Option 2: External Secrets Operator

apiVersion: external-secrets.io/v1beta1
kind: ExternalSecret
metadata:
  name: confluence-credentials
spec:
  secretStoreRef:
    name: aws-secretsmanager
  target:
    name: confluence-credentials
  data:
  - secretKey: password
    remoteRef:
      key: prod/confluence/password

Secrets stored in AWS Secrets Manager / HashiCorp Vault, not Git. External Secrets Operator syncs them to Kubernetes.

Option 3: Sealed Secrets

# Encrypt secret
kubeseal < secret.yaml > sealed-secret.yaml

# Commit sealed-secret.yaml to Git (encrypted)
git add sealed-secret.yaml

# SealedSecret controller decrypts in cluster

I use Option 1 for development, Option 2 for production.

Challenge 4: Persistent Storage¶

Obsidian vault and UNSORTED folder - where to store them?

Locally: hostPath (~/vault, ~/unsorted). Works on laptop.

Kubernetes: pods are ephemeral. When pod restarts, filesystem is lost.
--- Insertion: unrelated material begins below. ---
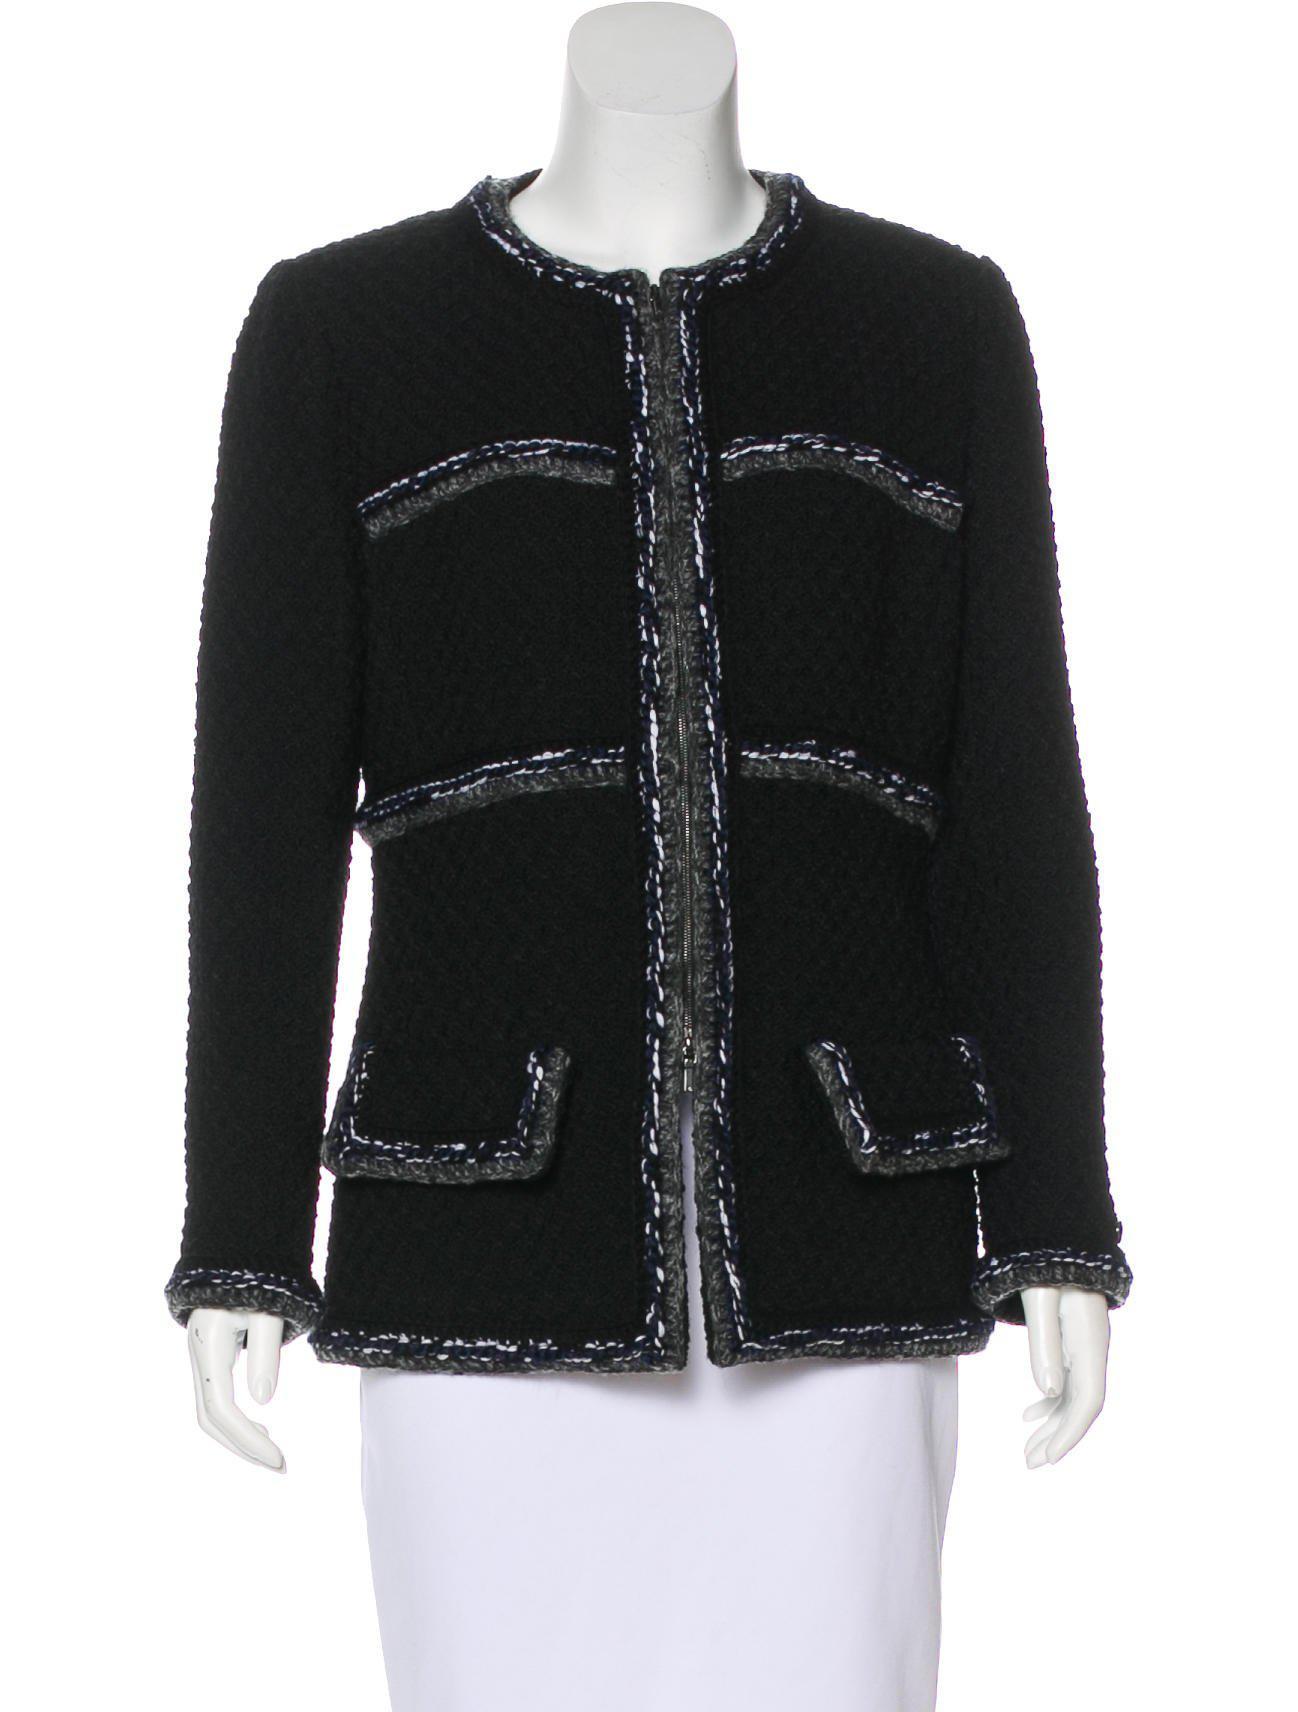 Chanel black jacket 2017

Solution depends on environment¶

Single-node Kubernetes (development):

hostPath works:

volumes:
- name: vault-storage
  hostPath:
    path: /mnt/data/vault
    type: DirectoryOrCreate

Pod mounts host filesystem. Works for Minikube, Docker Desktop, single-node k3s.

Multi-node Kubernetes (production):

hostPath doesn't work - pods can schedule on different nodes.

Need shared storage:

Option 1: NFS

volumes:
- name: vault-storage
  nfs:
    server: nfs-server.example.com
    path: /exports/vault

NFS server accessible from all nodes. Pods on any node can read/write.
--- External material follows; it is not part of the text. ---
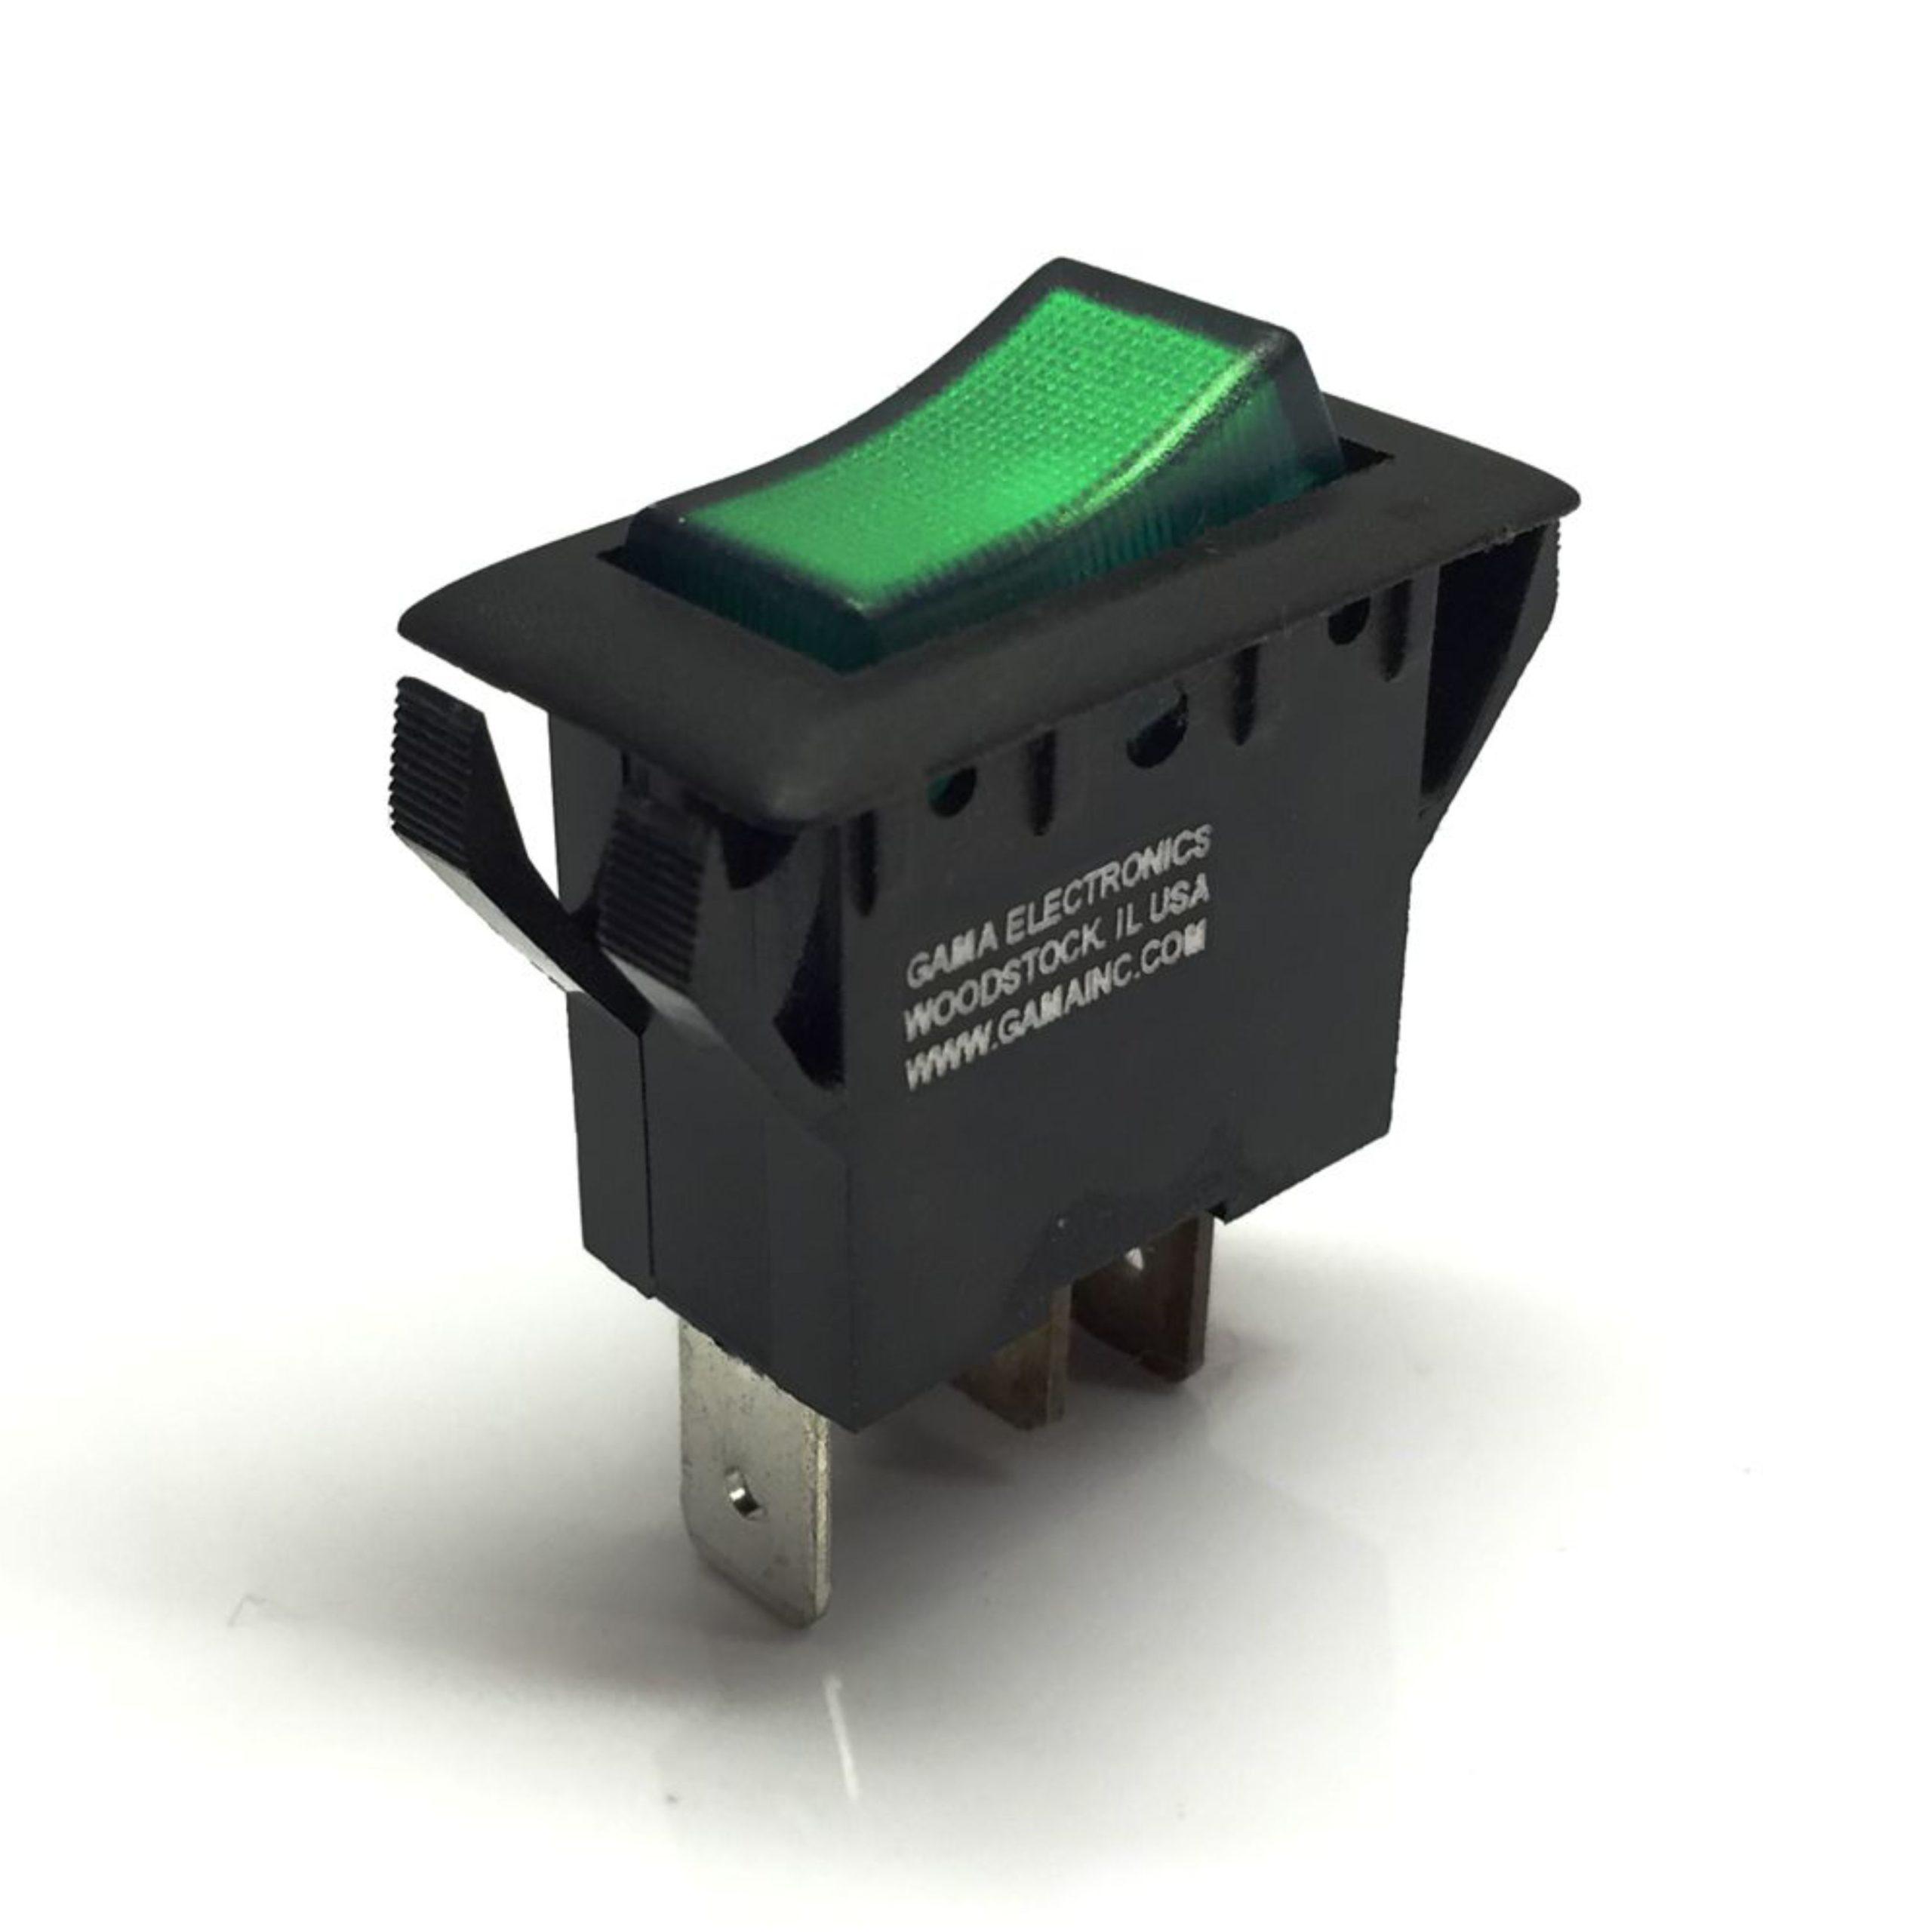 Switch Wiring Diagram Also Rocker Switch Wiring Diagram On Dc Rocker

Option 2: Cloud storage (AWS EFS, Google Filestore)

apiVersion: v1
kind: PersistentVolumeClaim
metadata:
  name: vault-pvc
spec:
  accessModes: ["ReadWriteMany"]
  storageClassName: "efs-sc"
  resources:
    requests:
      storage: 20Gi

EFS - managed NFS from AWS. Zero maintenance. Automatic scaling. Cost: ~$0.30/GB/month.

Option 3: S3 (lakeFS integration)

For EMM I chose hybrid approach: - Development: hostPath (local testing) - Production: S3 via lakeFS (versioning + cloud storage)
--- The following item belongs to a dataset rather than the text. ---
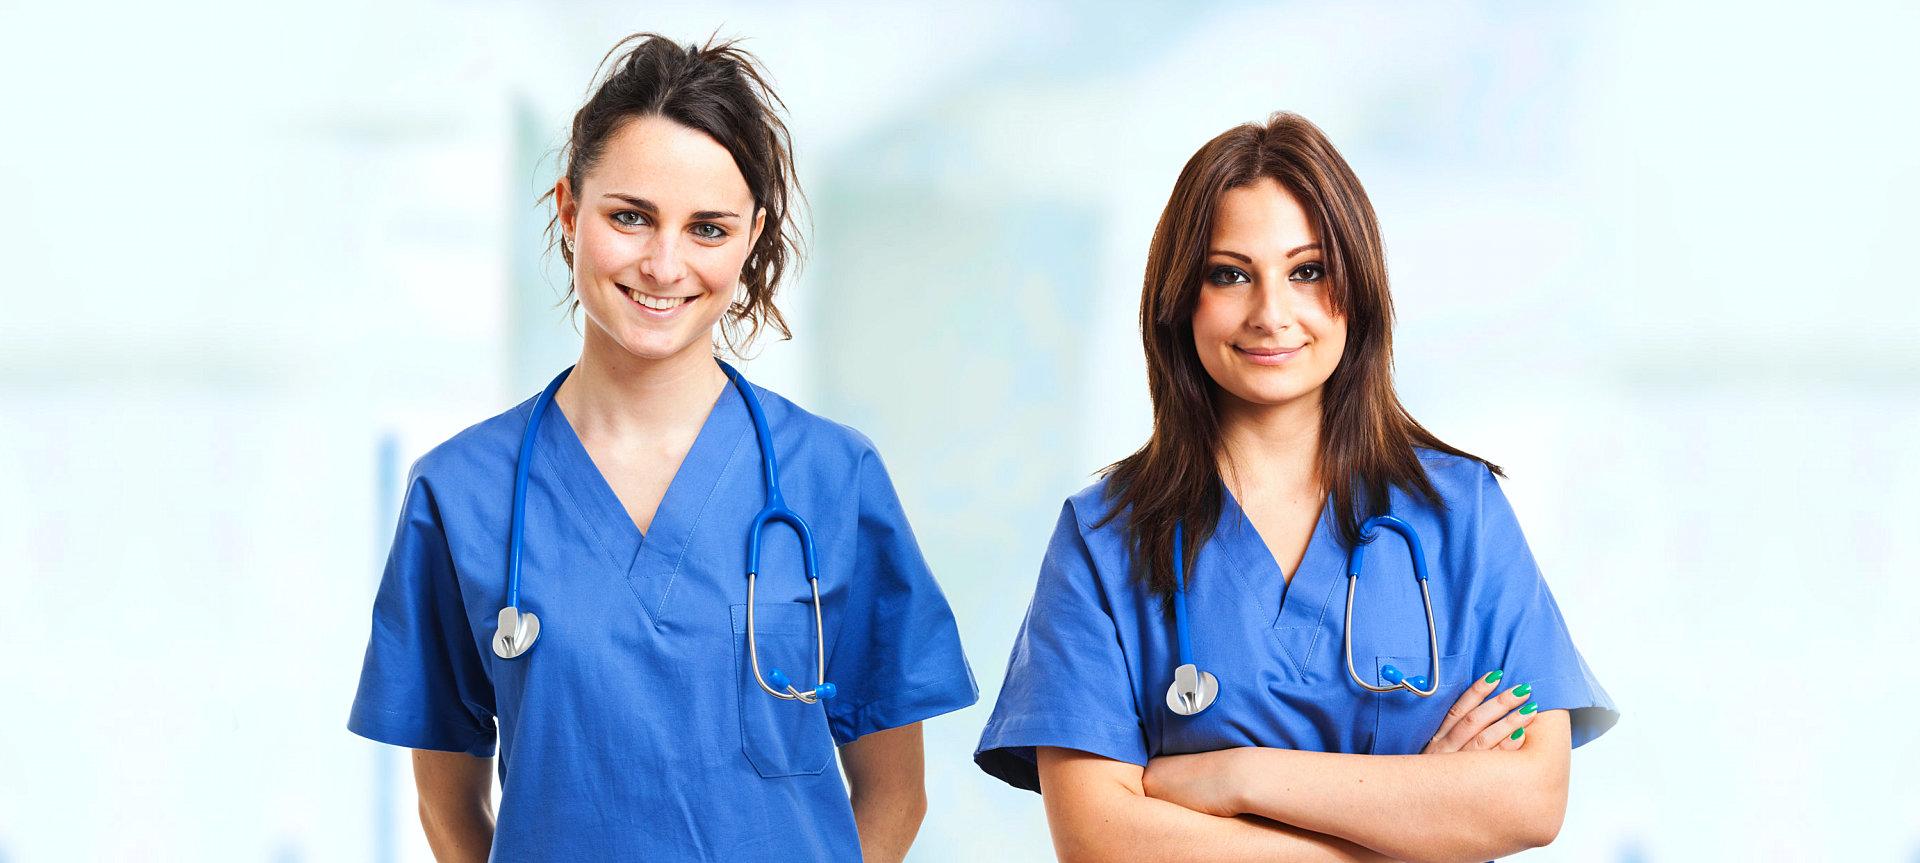 two female nurses smiling

File System Agent works with storage_backend.py abstraction - backend configuration via environment variables.

Challenge 5: Rolling Updates without Downtime¶

Docker Compose update strategy:

docker-compose down
docker-compose pull
docker-compose up -d

Downtime: ~30 seconds while containers restart.

Kubernetes has rolling updates:

spec:
  strategy:
    type: RollingUpdate
    rollingUpdate:
      maxSurge: 1
      maxUnavailable: 0

maxUnavailable: 0 means: don't shut down old pod before new pod is ready.

Process:

Kubernetes creates new pod with new image
New pod passes readiness probe
When new pod ready, traffic switches to it
Old pod gracefully shuts down
Repeat for each replica

Downtime: zero.

Readiness Probes - critically important¶

Without readiness probe Kubernetes immediately routes traffic to new pod, even if it's not ready yet. Result: 500 errors.

With readiness probe:

readinessProbe:
  httpGet:
    path: /health
    port: 8080
  initialDelaySeconds: 10
  periodSeconds: 5
  failureThreshold: 3

Kubernetes waits until /health endpoint returns 200 OK. Only then routes traffic.

MCP services have /health endpoint:

@app.get("/health")
def health_check():
    # Check dependencies
    redis_ok = check_redis_connection()
    llm_ok = check_llm_connection()

    if redis_ok and llm_ok:
        return {"status": "healthy"}
    else:
        raise HTTPException(status_code=503, detail="unhealthy")

If dependencies are failing, /health returns 503. Kubernetes doesn't route traffic to this pod.

Challenge 6: Resource Limits¶

Without resource limits pods can consume all cluster memory/CPU.

Content Classifier especially memory-hungry (LLM inference):

resources:
  requests:
    memory: "2Gi"
    cpu: "1"
  limits:
    memory: "4Gi"
    cpu: "2"

requests: minimum resources Kubernetes guarantees. Scheduler won't place pod on node without these resources.

limits: maximum resources pod can use. If pod exceeds memory limit, Kubernetes kills pod (OOMKilled).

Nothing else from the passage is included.